To end, I want to thank a few people specifically. Cantor Louise Treitman, first and foremost, as I mentioned before, my principal teacher of trope. To whatever extent I am good at this, it is because of her. (All failings are my own.) I’d also like include many other cantors and cantorial students and faculty. Cantors are the holy transmitters of sacred Jewish music, and it has been cantors who have been generous with their time and patience to help me learn to read many of our most precious texts: I’m thinking specifically of Cantors Risa Wallach, Lynn Torgove, Vera Broekhuysen, Hinda Labovitz, Sarah Bolts, and Aliza Berger.

I also want to especially thank Rabbi Shayna Rhodes, who was a never-ending source of encouragement. In true Shayna fashion, one of the ways that she was helpful was to criticize. As Ebn had done for her, she would correct all mistakes in my reading — not just the ones that were technically correctable mistakes. I am a better reader of Torah because of her.

Thank you to Sigalit Davis and to Harvey Bock, for making me learn Hebrew grammar and pronunciation so well.

Thank you to Rabbi Victor Reinstein of Nehar Shalom, my spiritual home for the past five years. He created and nurtured a community of practicers — in so many senses of that word. For years, I got up and read Torah nearly every Shabbat, and no one there made me feel anything but appreciated for my efforts.

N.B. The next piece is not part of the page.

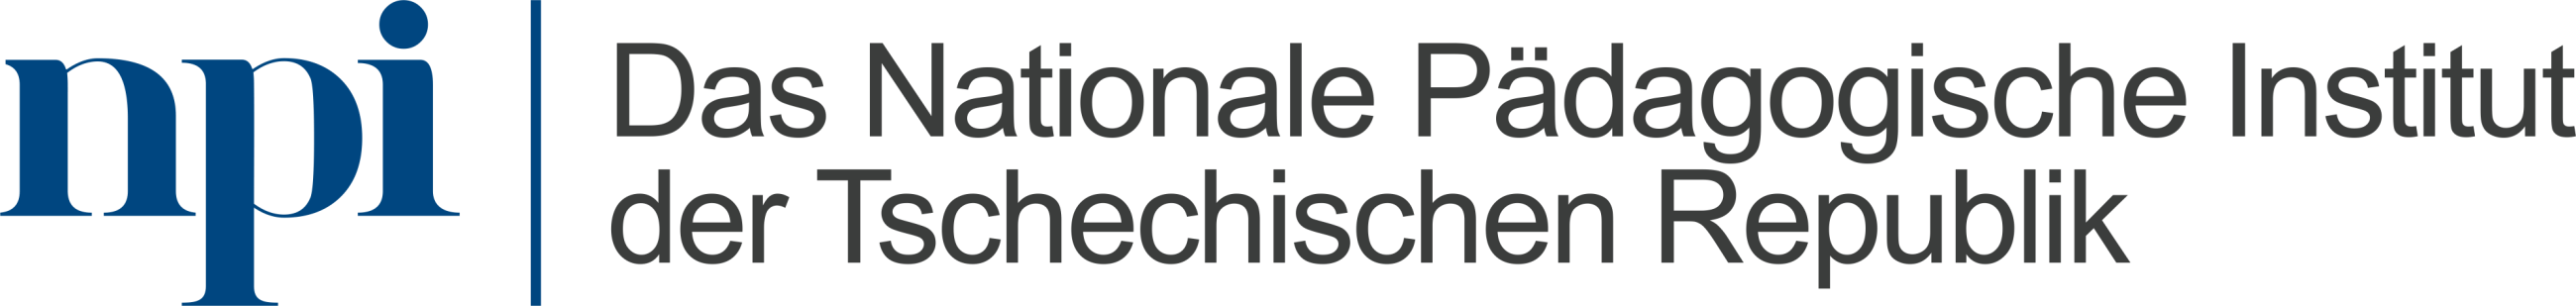 Das Nationale Pädagogische Institut der Tschechischen Republik

Thank you to my classmates, the best people I know, and the ones who have supported me through everything, including this maniacal quest, these past six years.

And thank you to all of you, the Rabbinical School of Hebrew College. Many of you have sat patiently through some pretty questionable leyning over the years.

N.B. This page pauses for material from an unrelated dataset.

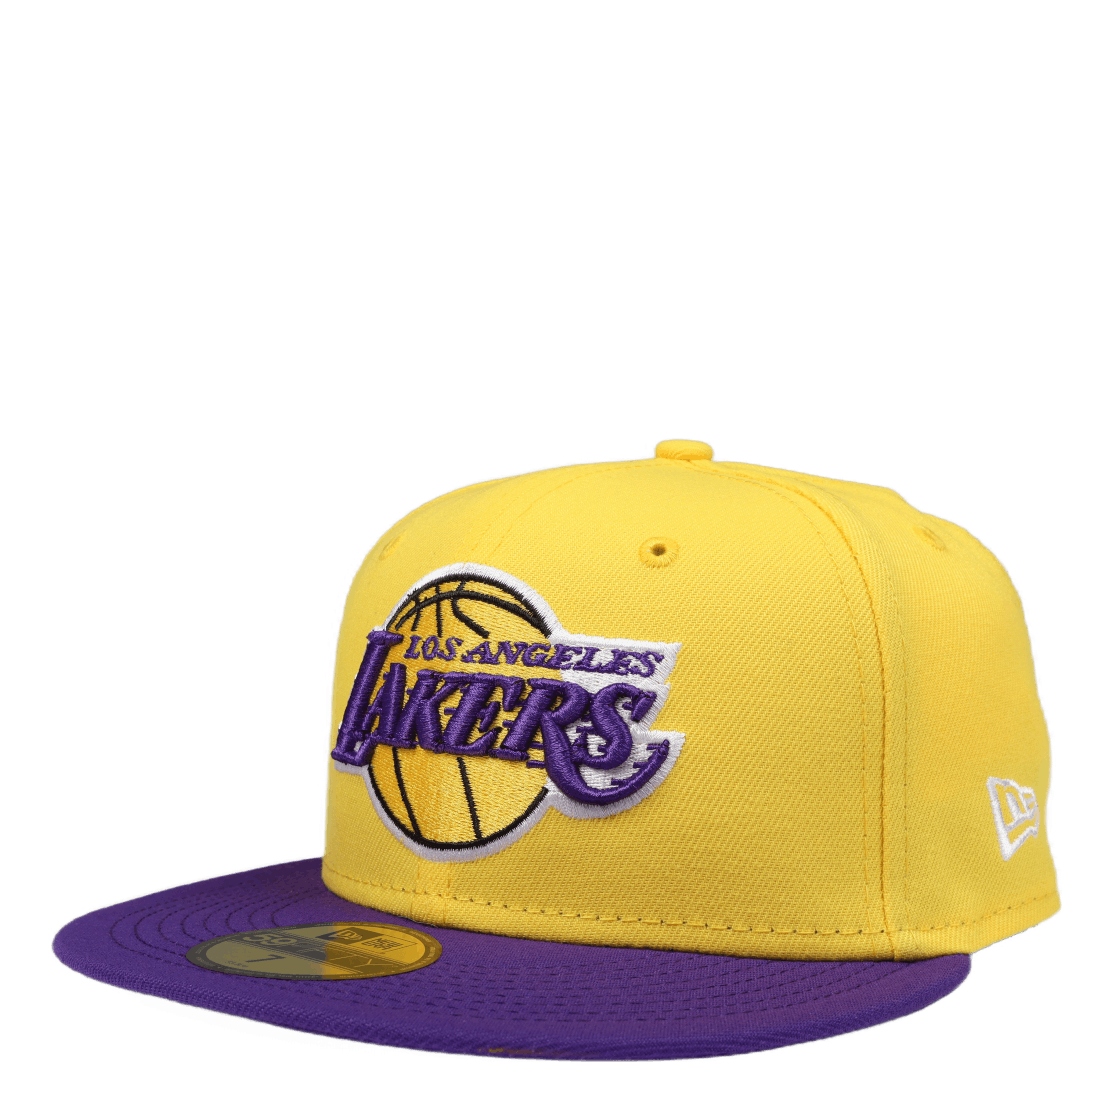 Nba Basic Lakers Yellow/purple Yellow

I am sorry that Rabbi Ebn Leader can’t be here today, but I want to share what part of what he wrote to me from Israel. “The Torah is eternal, but heaven forbid, she could also be eternally dead . . . It is the breath of those who read her words that give her life with which she can then continue through eternity. It is in the communal ritual of reading Torah, listening to it through each other’s voices, that we express our commitment to this ongoing process of giving life to Torah. Perhaps this is the meaning of חיי עולם נטע בתוכנו. God has planted within us the capacity to give life to that which is eternal. And through this of course, both sides, we and Torah, develop in wonderful and unexpected ways . . .”

May it ever be so, and may we strive to make true the words that we sing at the end of our ritual reading of Torah, the anthem of spiritual practice. הֲשִׁיבֵנוּ ה’ אֵלֶיךָ וְנָשׁוּבָה.

Thank you — shavua tov, and chag sameach!

Salem Pearce is a student at the Rabbinical School of Hebrew College.